In America, subprime mortgages fueled home purchases by marginal home buyers. In China, subprime loans fueled home construction by marginal developers. In America, there were lots of home purchased by people who could not afford them. In China, lots of homes were built by developers who cannot afford not to sell them. This is the same credit crisis expressed in two different systems, the consumer friendly U.S. and investment friendly China.
"If you look at China from the balance sheet point of view, the only balance sheet that has not been destroyed is the household balance sheet," said Bo Zhuang, an economist at Trusted Sources, a U.K.-based investment consultant.

"It is the most healthy balance sheet at the moment."
A great reason to be bullish on the Chinese consumer, especially when home prices come down and substantially increase disposable income.
Experts disagree about the extent of housing oversupply in China, but agree that slower property investment would be a drag on the economy. A sharp drop in home prices would destroy household wealth, undermining confidence and spending.
Slower investment would be a boon to China because it would stop wasting precious capital on bad investments. Lower home prices would unleash a wave of spending because lower home prices will raise disposable incomes.

The biggest problem is a misallocation of resources, said Ting Lu, an economist at Bank of America-Merrill Lynch.

With only about one-third of the 1.3 billion population living in urban centres, too many homes that will never be filled have been built in small cities. That would likely see a sharp spike in bankruptcies among small developers, Lu said, but would not cause "a big crash".
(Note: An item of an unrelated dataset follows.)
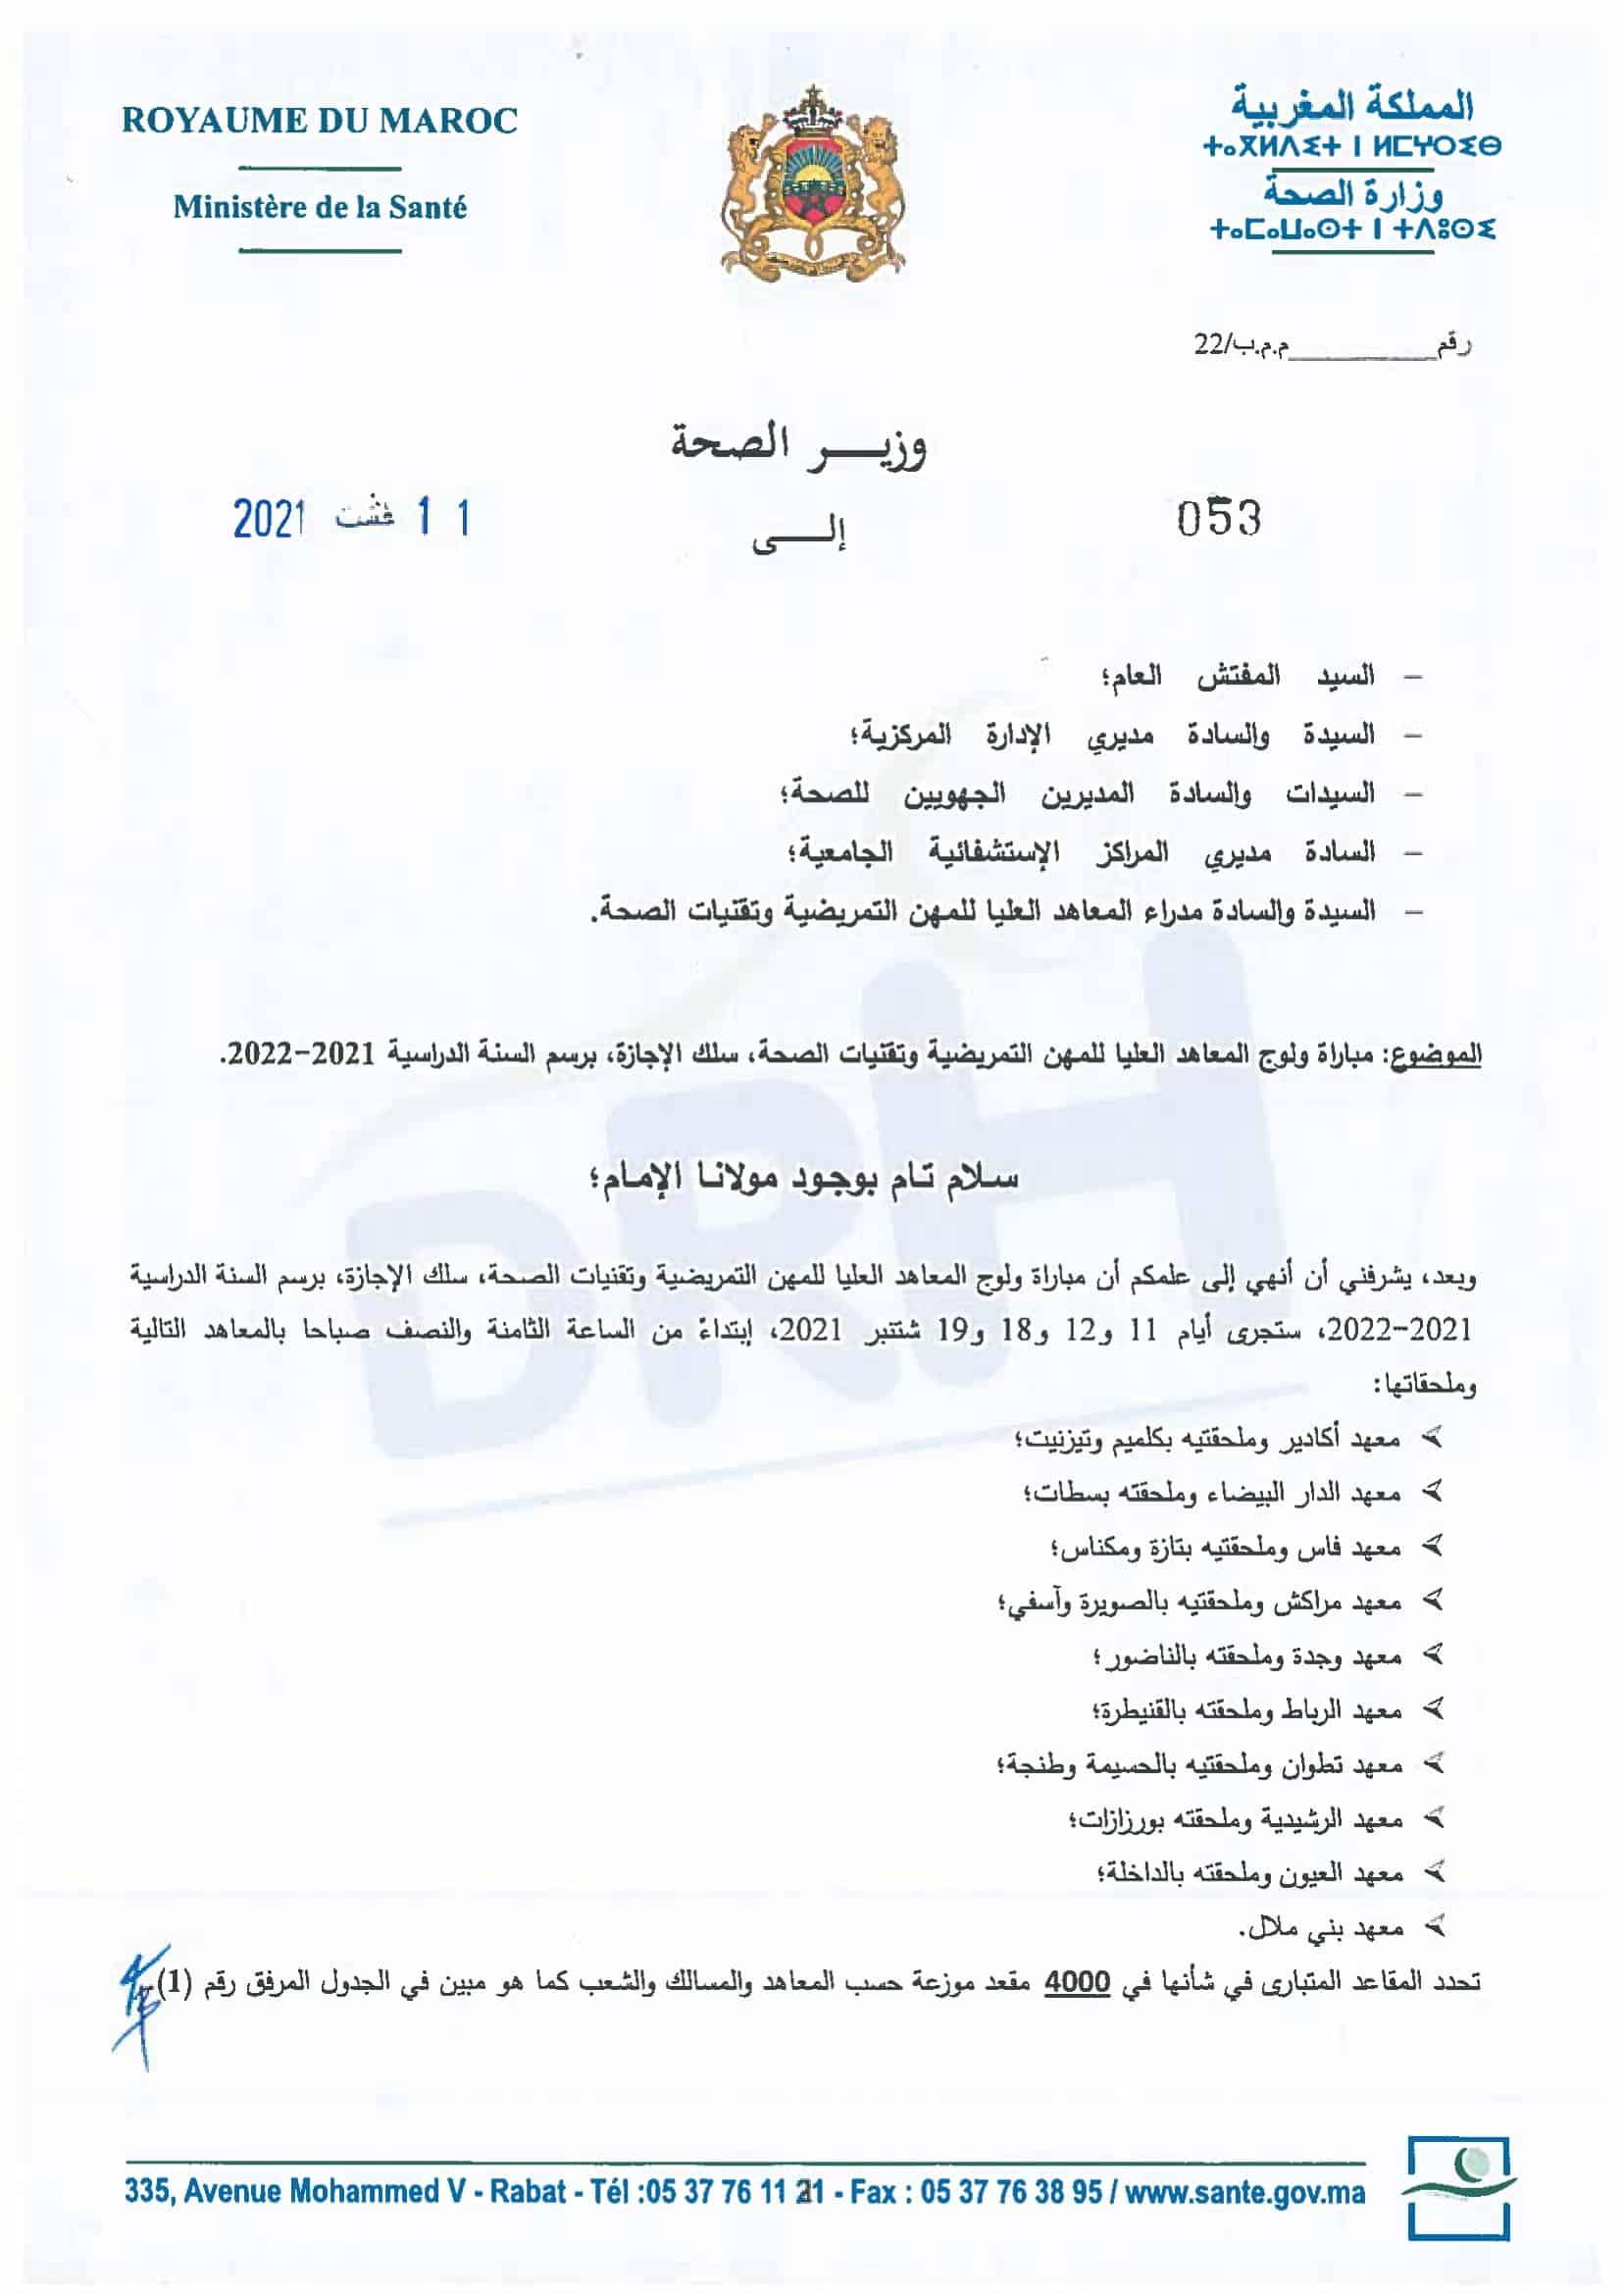 circulaire ispits 2021 2022 01 ispits.sante.gov.ma مباراة ولوج المعاهد العليا للمهن التمريضية وتقنيات الصحة 2022/2021

Wages in China are still growing faster than house prices, with average incomes in cities and rural areas climbing 10-12 percent last year, on par or faster than a 10 percent rise in property prices.

"This is a cyclical correction," said Rosealea Yao, an economist at Gavekal Dragonomics. "We see no signs of imminent collapse."
Rising wages are the best shot China has to avoid a major housing slump.

Even if only small developers go bust, that will hit the trust sector and credit will tighten again. It will ripple out and take down the microcredit lenders, the copper/steel/iron ore rehypothecators, and all other borrowers who put leveraged money into real estate. Glass, cement and other suppliers will not get paid. There's a reason why, when the housing market made a short-term top in 2011, all manner of factory bosses hit the road in Wenzhou, in order to flee their unpayable debts. They are all connected.

In FT's Into the shadows: risky business, global threat was this chart.

If developed economies with more efficient capital allocation systems had crises after smaller debt buildups, I have to think China is on thin ice now. Still, it's near impossible to predict whether a crisis will happen because it is a non-linear event. In order to have a crisis, a tipping point must by crossed, but the tipping point is a moving target based on the intersection of a number of variables, including psychology. What I do know is that there has been a huge buildup of debt and much of it was wasted in bad investments. The link between borrower and lender often goes in two directions, which is why coal bosses are now dumping real estate. If the real estate market slows further, there will be more bosses who will "lose contact" and disappear, leaving huge debts behind.

A major crisis is not inevitable, but there is fertile ground for one. It might only take one domino to knock all the rest down, and there are a lot of dominoes.